Walking on the Hypercube

Question

I recently read up on graph theory, especially hypercubes and thought about interesting ways to construct paths on them. Here's what I came up with.

As you might know, you can construct an n-dimensional hypercube by taking all n-tuples consisting of 1 and 0 as vertices and connect them, iff they differ in one digit. If you interpret these binary digits as an integer number, you end up with a graph with nicely numerated vertices. For example for n=3:

Let's say you want to take a walk on this hypercube and start at the vertex 0. Now, how do you determine which vertex you want to visit next? The rule I came up with is to take the number a of the vertex you are on, flip its mod(a,n)s bit (zero-based indexing) and go to the resulting vertex. Formally this rule can be recursively defined as

a[m+1] = xor(a[m], 2^mod(a[m],n)).

By following this rule, you will always stay on the cube and travel along the edges. The resulting path looks like this

As you can see, you will walk in a circle! In fact, in all dimensions and for all starting points your path will end up in a loop. For example for n=14 and a[0]=0 it looks like this

For the avid ambler, the length of his planned route is quite a crucial information. So, your job is to write a function or a program that takes the hypercube dimension n an the starting vertex a[0] as inputs and output the number of vertices in the resulting loop.

Test cases

n   a[0]   Output
-----------------
3   0      6
14  0      50
5   6      8
17  3      346

Rules

• Standard loopholes are forbidden
• Output/Input may be in any suitable format
• You may assume a[0] to be a valid vertex

Scoring

Shortest code in bytes wins.

If you have any additional information on this topic, I'd be glad to hear!

Answer 1

Jelly, 9 bytes

%⁴2*^µÐḶL

Takes two command-line arguments.

%⁴2*^µÐḶL        A monadic link. Inputs: a_0. b also taken from command line.
%⁴2*^              Variadic link. Input: a
%⁴                   a modulo b. ⁴ is second input, b.
  2*                 Get 2 to that power
    ^                and bitwise xor with a.
     µ             Start a new, monadic link (input: a_0)
      ÐḶ             All elements of the cycle created when the preceding link
                     is applied repeatedly, starting with a_0.
        L            Length.

Try it here.

Answer 2

Haskell, 124

import Data.Bits
(y:z:w)%(x:s)|x==y||x==z=[i|(i,r)<-zip[1..]s,r==x]!!0|0<1=w%s
g n=(tail>>=(%)).iterate(\a->xor a$2^mod a n)

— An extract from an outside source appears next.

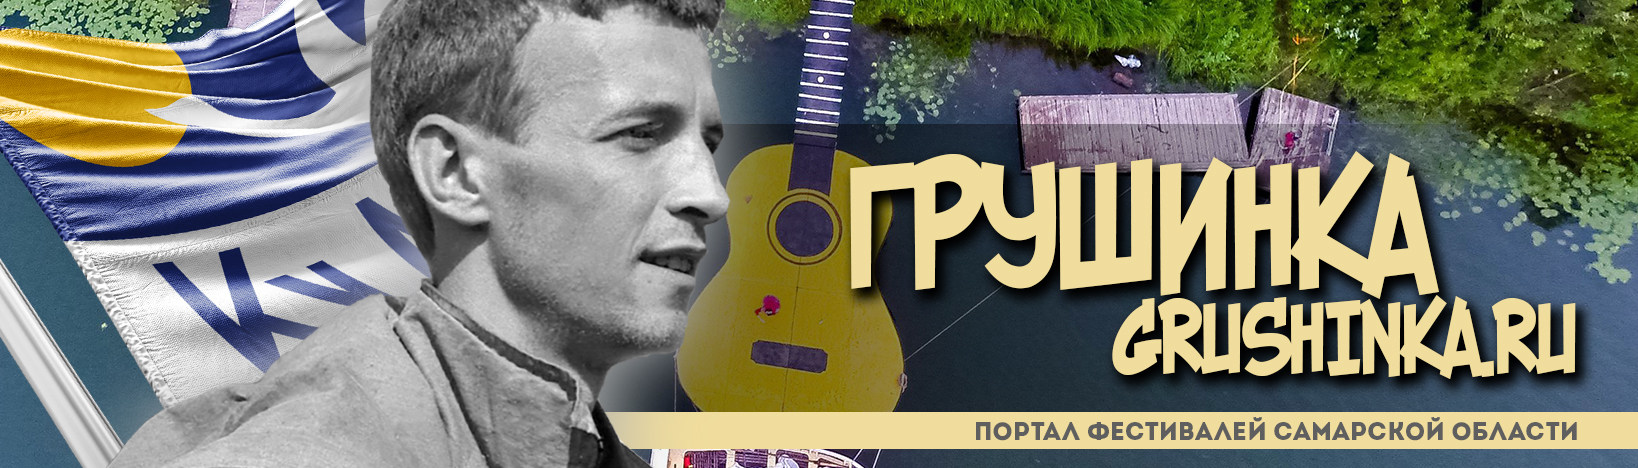 Грушинка.ру — Грушинский фестиваль, Метафест и другие

This finds the circle by the two-pointers-going-around-in-different-speeds algorithm, and heavily uses/abuses Haskell's approach to lists (for example, the two pointers are actually lists).

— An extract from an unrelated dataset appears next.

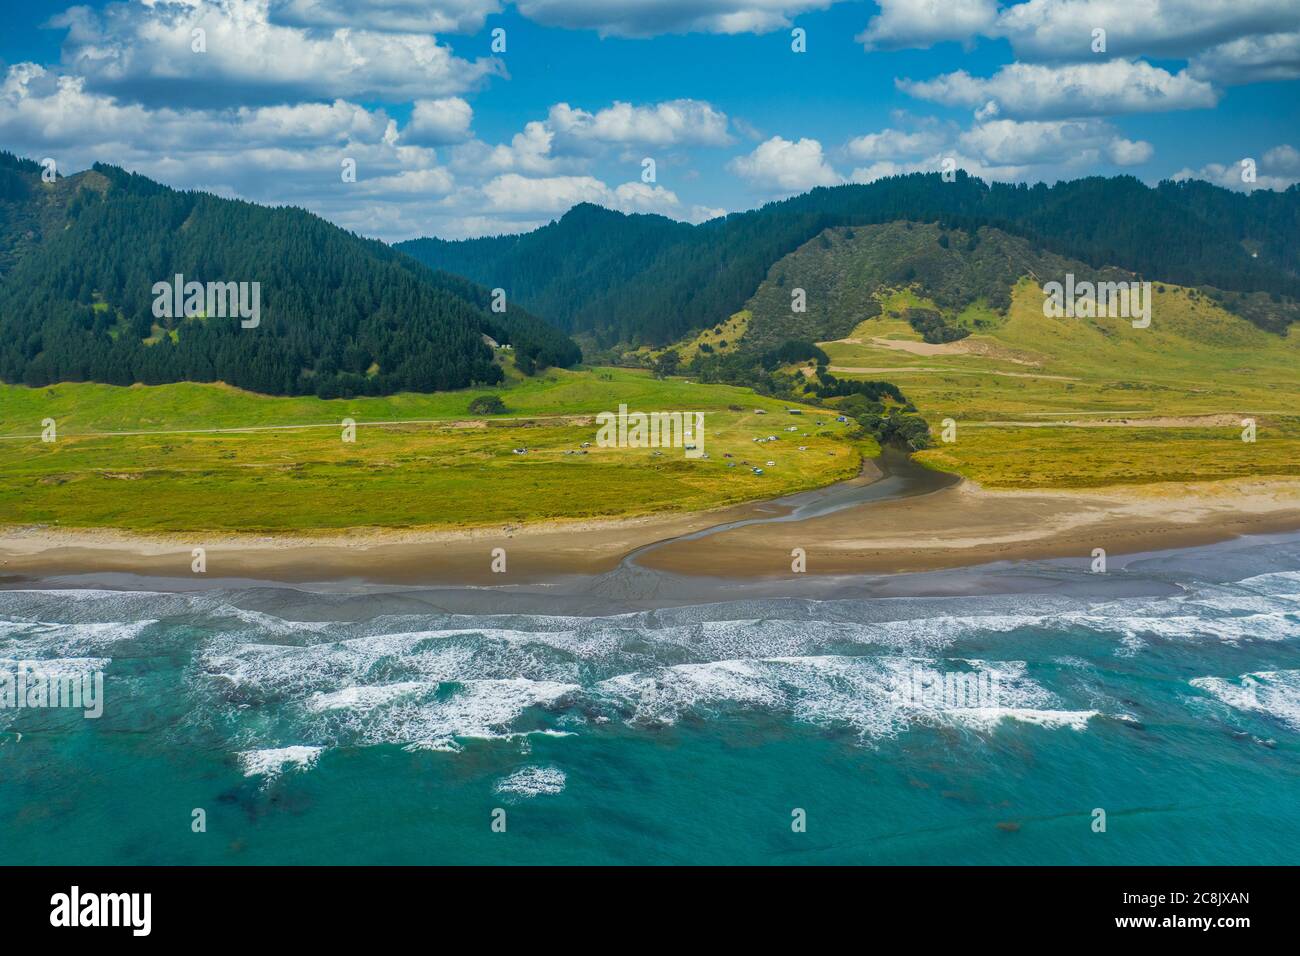 Una vista aerea del Campground di Capo Est vicino all'Oceano Pacifico. Situato sulla punta orientale dell'Isola Nord della Nuova Zelanda. Montagne una foresta le Foto Stock

g is the function that computes the answer. give it n and then a[0] and it will return the number to you (note that n should be defined to be of type Int to avoid type ambiguity).

Answer 3

JavaScript (ES6), 69 bytes

(n,a)=>{g=m=>m^1<<m%n;for(c=1,b=a;(b=g(g(b)))!=(a=g(a));)c++;return c}

Returns 18812 for (23, 10).

Answer 4

MATL, 38 37 28 bytes

xi`vt0)2y1G\^Z~yywP=fn~]2M1$

This works in current version(15.0.0) of the language.

Try it online!

Explanation

x       % take first input: n. Delete (gets copied into clipboard G)
i       % take second input: initial value of a
`       % do...while loop
  v     %   concatenate all stack contents vertically
  t0)   %   duplicate. Get last element of that array: current a
  2     %   push 2
  y     %   duplicate second-top element in stack: current a
  1G    %   push first input (n)
  \     %   a modulo n
  ^     %   2 raised to that
  Z~    %   xor of that with current a
  yy    %   duplicate top two elements in stack: array of old a's and new a
  w     %   swap: move array of old a's to top
  P     %   reverse that array. So first entry is most recent a (before current)
  =f    %   indices of old values that equal current value. There may be 0 or 1
  n~    %   is it empty?
]       % if so, continue with a new iteration
2M      % push array of indices. It contains exactly 1 index
1$      % set 1 input for implicit display function, so it only displays the index

Answer 5

Pyth, 22 17 bytes

Lx^2%bQbl.uyNuyGE

Explanation:

Lx^2%bQbl.uyNuyGE     Implicit: Q=first line n. E=second line a[0].
Lx^2%bQb              y = lambda b: do one iteration
                      Then
             uyGE     Apply y until a previous result is found.
                      This makes sure we're in the cycle.
         .uyN         Then apply y again until a previous result is found.
                      Keep all intermediate values but not the repeat.
        l             Get the length; i.e. the length of the cycle.

Try it here.